In the first study applying a neuropsychological battery in a sample of individuals with schizophrenia compared to demographically balanced healthy controls, we found that patients were impaired across domains, with moderate to large effect sizes, but there was clear differential impairment in all episodic memory tests (Saykin et al., 1991, Fig. 2). This finding suggested the primacy of mesial temporal structures in the cognitive impairment associated with schizophrenia. Subsequent studies showed that the impairment can be seen already in first-episode, drug naïve patients (Saykin et al., 1994), which motivated studies to examine individuals in the prodromal phase of the disorder and even younger individuals at risk for psychosis. These results were replicated by multiple studies, as indicated in meta-analyses (e.g., Heinrichs & Zakzanis, 1998).

Fig. 2
figure 2

Neuropsychological profile (±SEM) on a traditional battery for patients with schizophrenia (n = 36) relative to healthy controls (n = 36) whose performance is set to zero. Functions are abstraction (ABS) , verbal cognitive (VBL) , spatial organization (SPT) , semantic memory (SME) , visual memory (VME) , verbal learning (LRN) , language (LNG), visual-motor processing and attention (VSM) , auditory processing and attention (AUD) , and motor speed and sequencing (MOT) (from Saykin et al., 1991, Fig. 1)

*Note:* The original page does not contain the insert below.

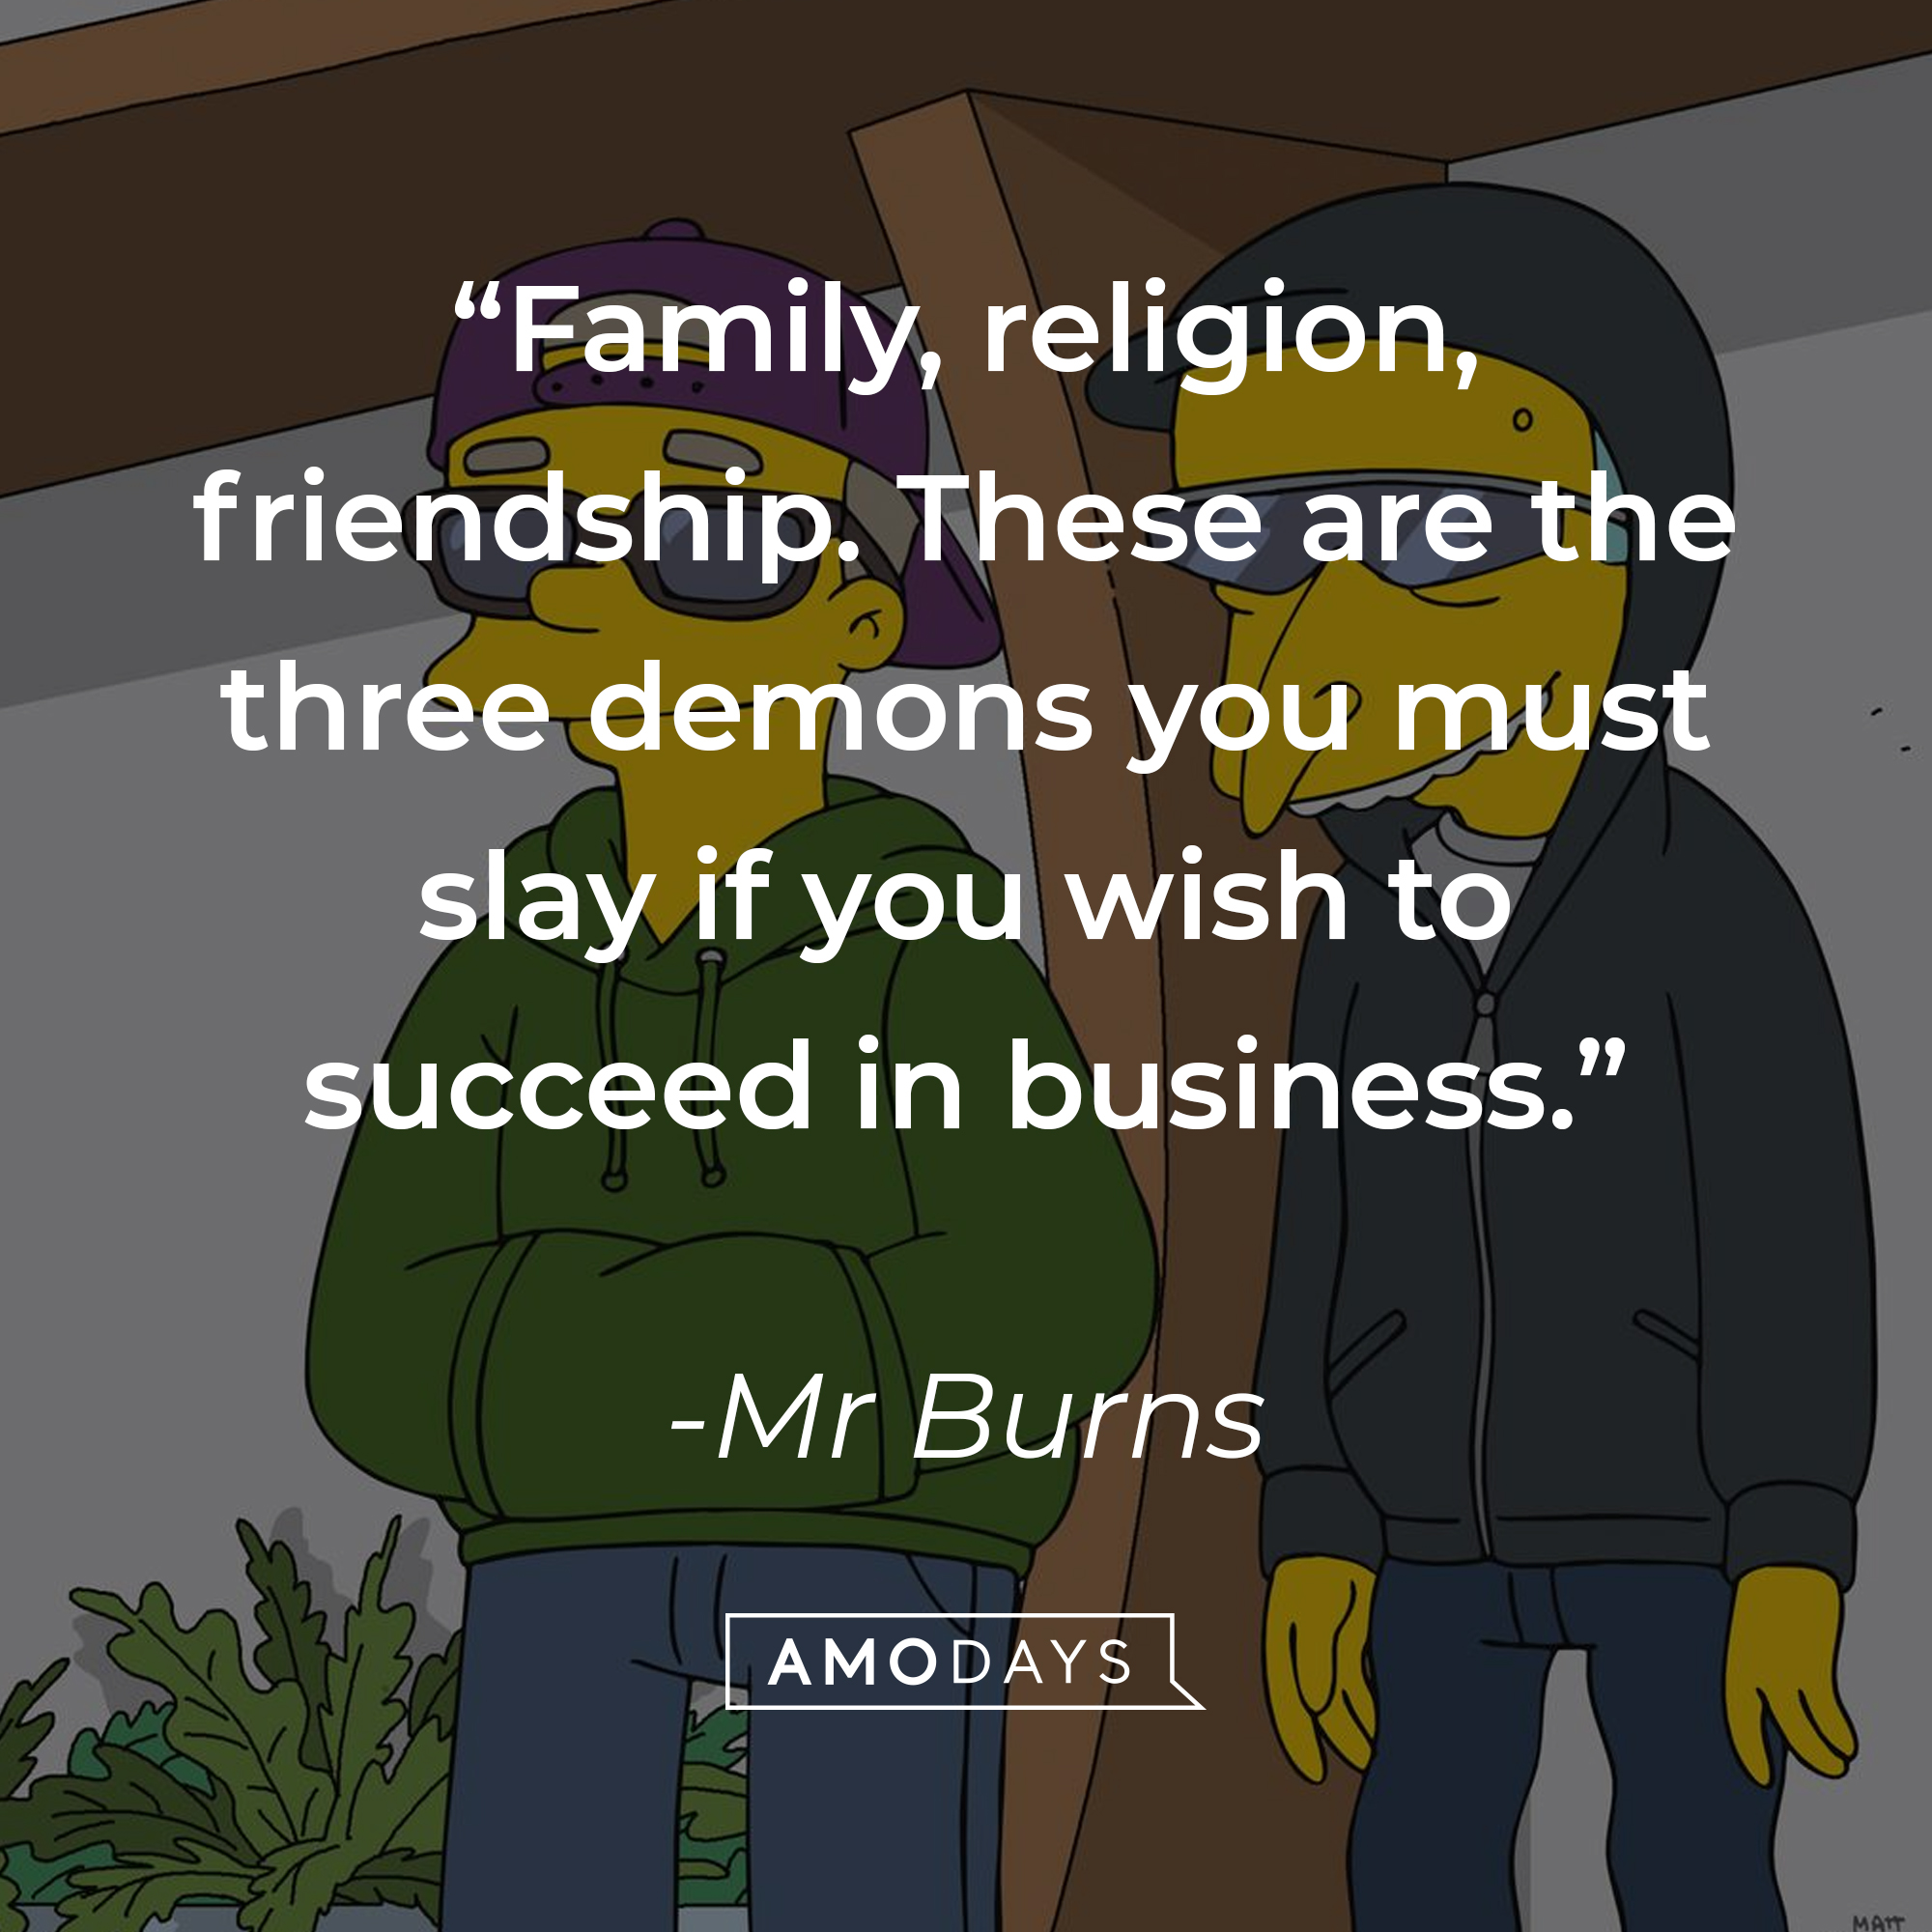 Mr. Burns' quote: "Family, religion, friendship. These are the three demons you must slay if you wish to succeed in business." | Source: facebook.com/TheSimpsons

Neuroimaging Effects on Neuropsychology

Progress in neuropsychology has accelerated exponentially with the advent of neuroimaging. In the late 1970s and early 1980s, several methods became available for safely and reliably measuring brain function and structure in humans. Among the first methods was the Xenon-133 clearance technique , which demonstrated that cerebral blood flow (CBF) increases during cognitive activity compared to a resting (“default mode”) state, and that it increases more to the left hemisphere for a verbal-reasoning task and to the right hemisphere for a spatial task (Gur & Reivich, 1980). In the first study comparing males and females in CBF, we found in a sample of 62 young and healthy individuals that females had consistently higher values than males across conditions, including the resting (“default mode”) state, and greater right hemispheric activation than males for the spatial task, suggesting more effort (Gur et al., 1982, Fig. 3).

Fig. 3
figure 3

Initial slope (lS) index of cerebral gray matter blood flow to the left (solid lines) and right (dashed line) hemispheres for the total sample (left panel) and for right- and left-handed females (circles) and right- and left-handed males (squares) during resting baseline (R) and performance of verbal (V), and spatial tasks (S) (from Gur et al. 1982, Fig. 1)

This methodology was augmented by positron emission tomography (PET), which allowed measurement of both CBF and metabolism with three-dimensional resolution. Spatial resolution was low (~1.5 cm) at the beginning but reaches 3–4 mm3 with modern devices. The introduction of magnetic resonance imaging (MRI) has vastly enhanced the scope and pace of research linking brain systems to behavior. Because it is non-invasive and does not expose research participants to ionizing radiation, MRI studies can be done in babies and children, which is not possible with the isotopic methods. Furthermore, advanced MRI methodology can generate multimodal information on the brain, with exquisite spatial resolution. MRI affords reliable volumetric data that can be segmented into brain compartments (gray matter, white matter, cerebrospinal fluid), and MRI sequences are available that provide information on white matter connectivity through diffusion tensor imaging (DTI), regional cerebral perfusion with arterial spin-labeling methods, and resting state connectivity and response to neurobehavioral probes with blood oxygenation level-dependent (BOLD) measures. Application of these methodologies has generated more precise models of brain system involvement in regulating behavior. For example, functional MRI (fMRI) studies have shown lateralized activation in homotopic regions for verbal and spatial complex cognitive tasks (Gur et al., 2000), with sex differences indicating more focal activation for males during the spatial task and for females in response to the verbal task, and activation of the frontal system when participants were deliberating ethical dilemmas (e.g., Avram et al., 2014; Schneider et al., 2013; Shenhav & Greene, 2014; Yoder & Decety, 2014).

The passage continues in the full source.